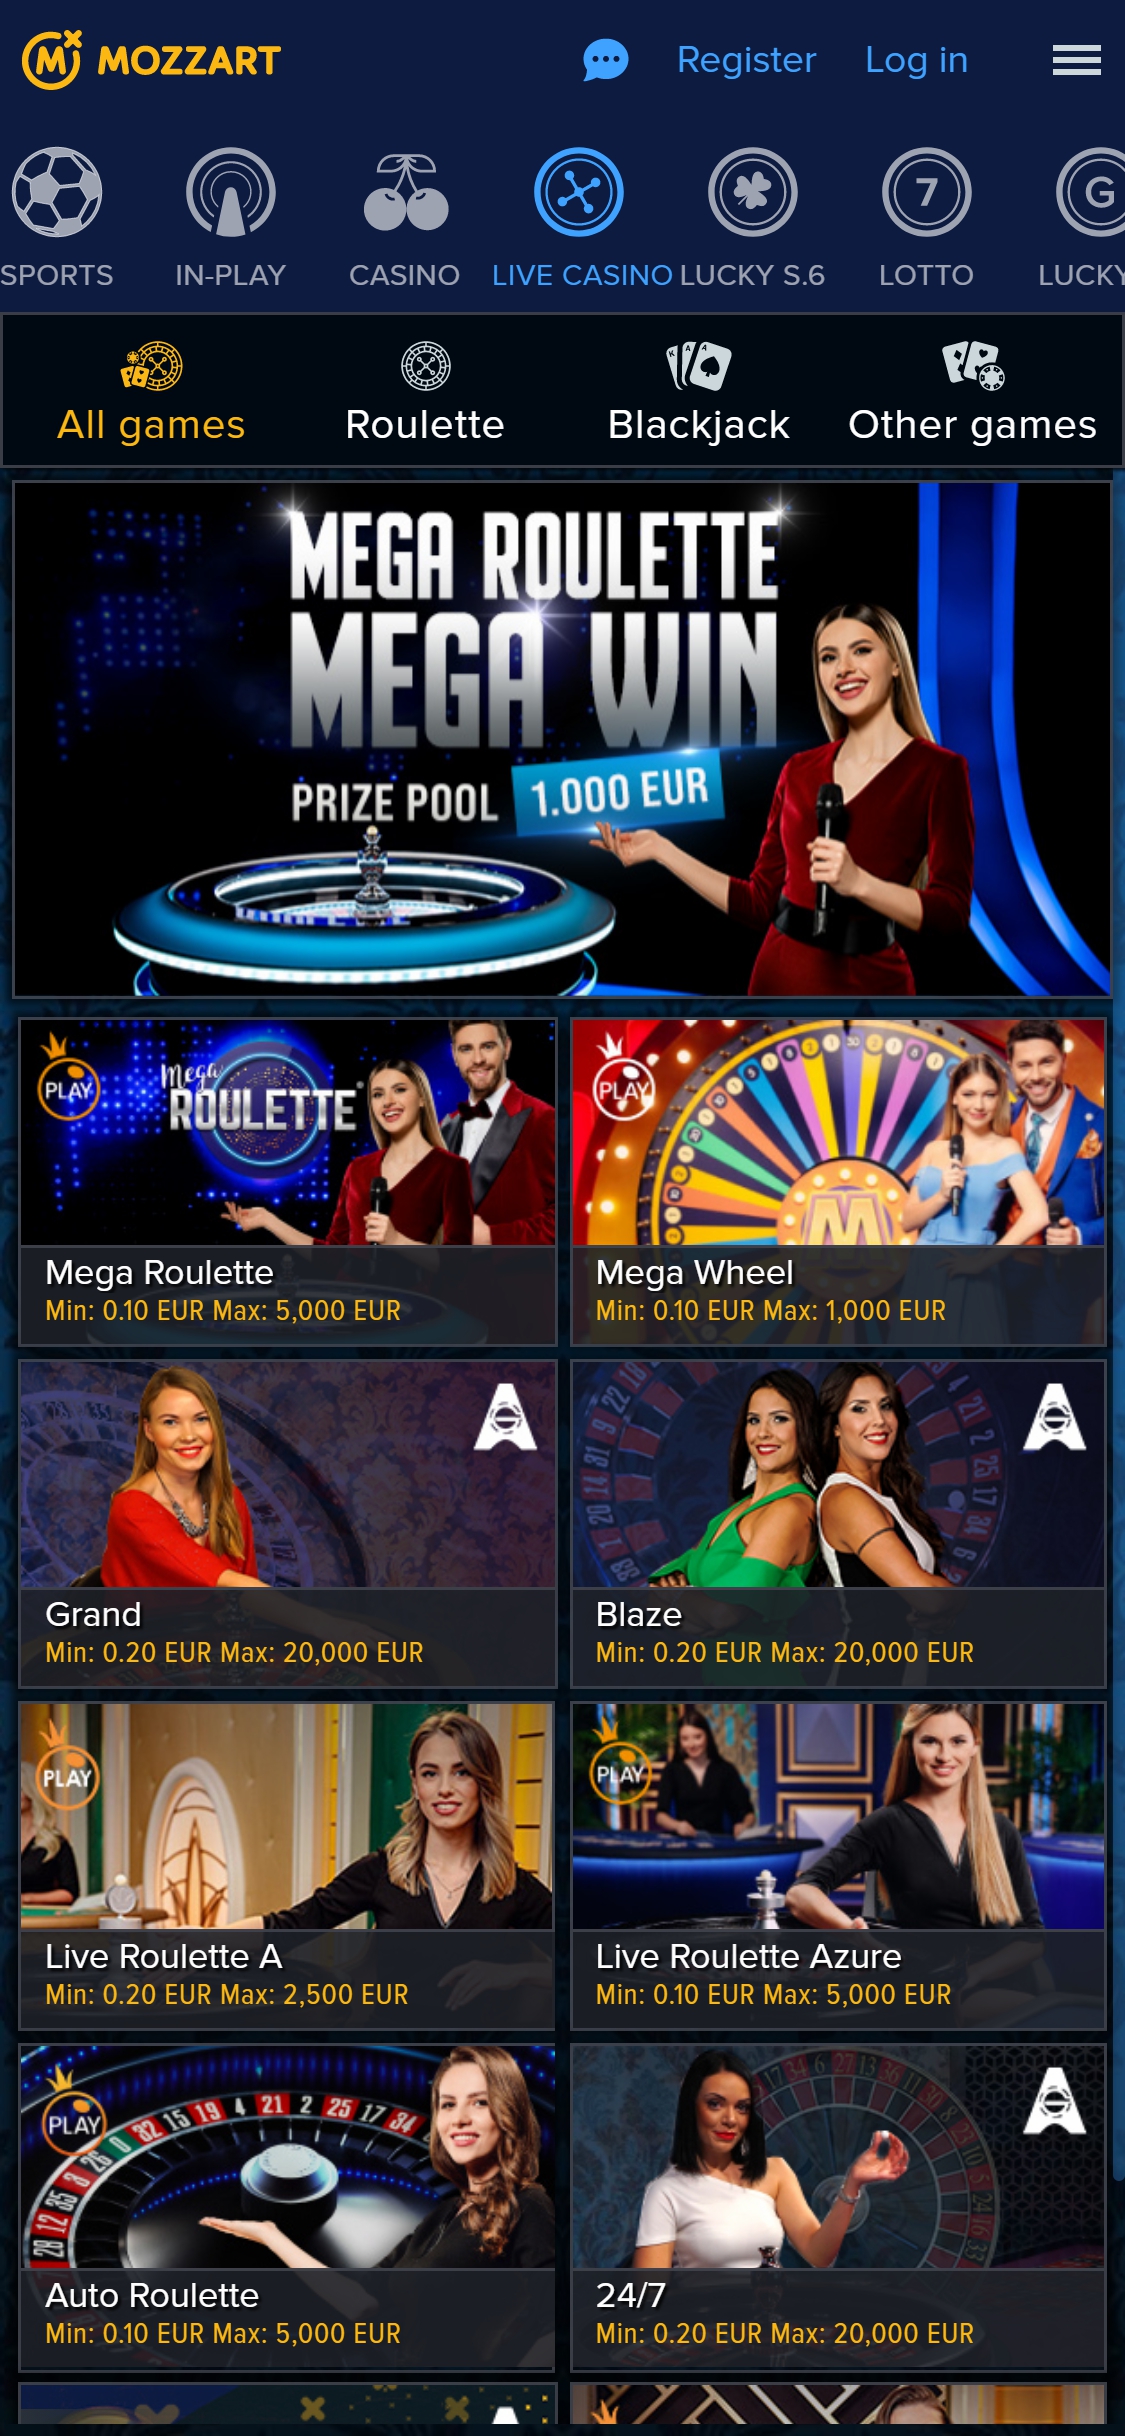 Mozzart Casino Mobile Live Dealer Games Review
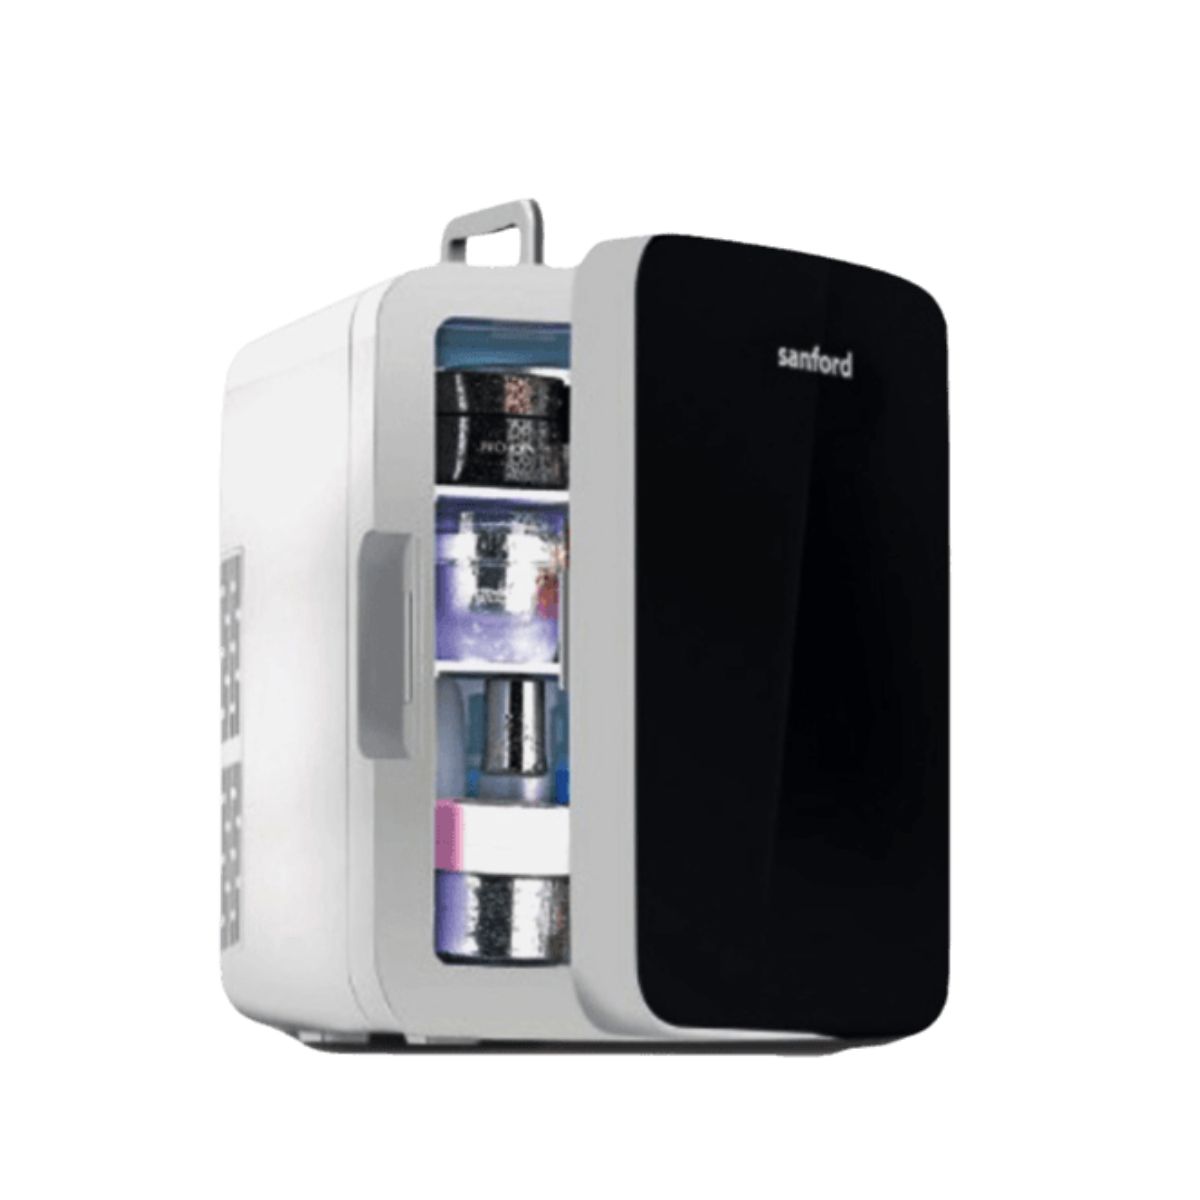 Sanford Mini Refrigerator - 2in1 Cool And Warm - SF1715MRF - 10L - Black & White
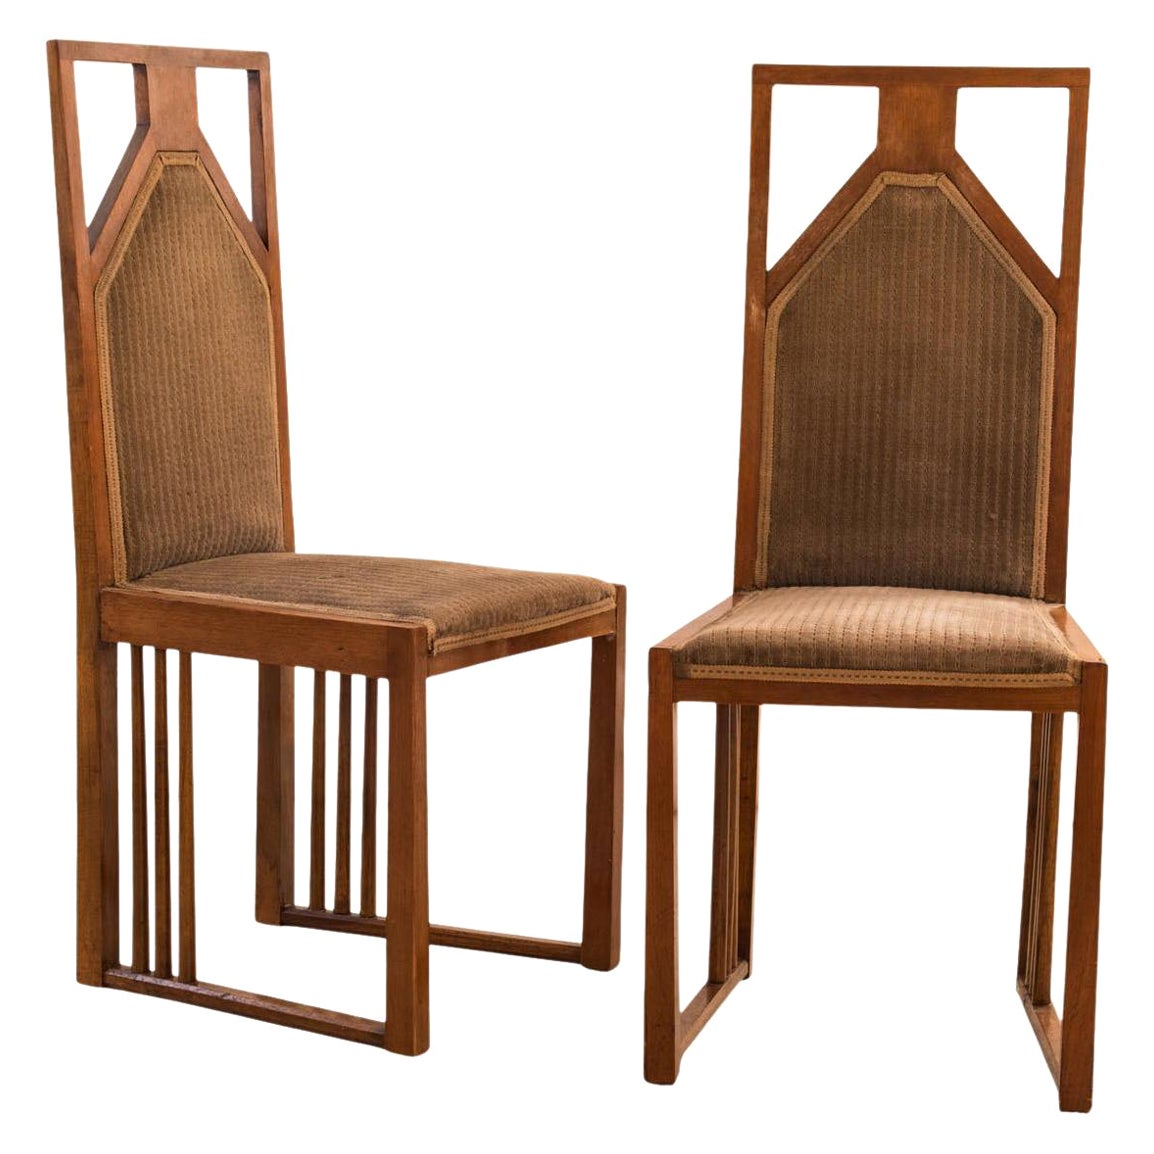 Josef Hoffmann Attr. Ein Paar außergewöhnliche Stühle 1905-10 Jugendstil-Sessel im Jugendstil, Jugendstil

=====

• **Work instructions**
Go through the listing above and write it out again exactly, dropping the pictures.

• **Answer to the exercise**
 Mozzart Casino Mobile Live Dealer Games Review
 Sanford Mini Refrigerator - 2in1 Cool And Warm - SF1715MRF - 10L - Black & White
 Josef Hoffmann Attr. Ein Paar außergewöhnliche Stühle 1905-10 Jugendstil-Sessel im Jugendstil, Jugendstil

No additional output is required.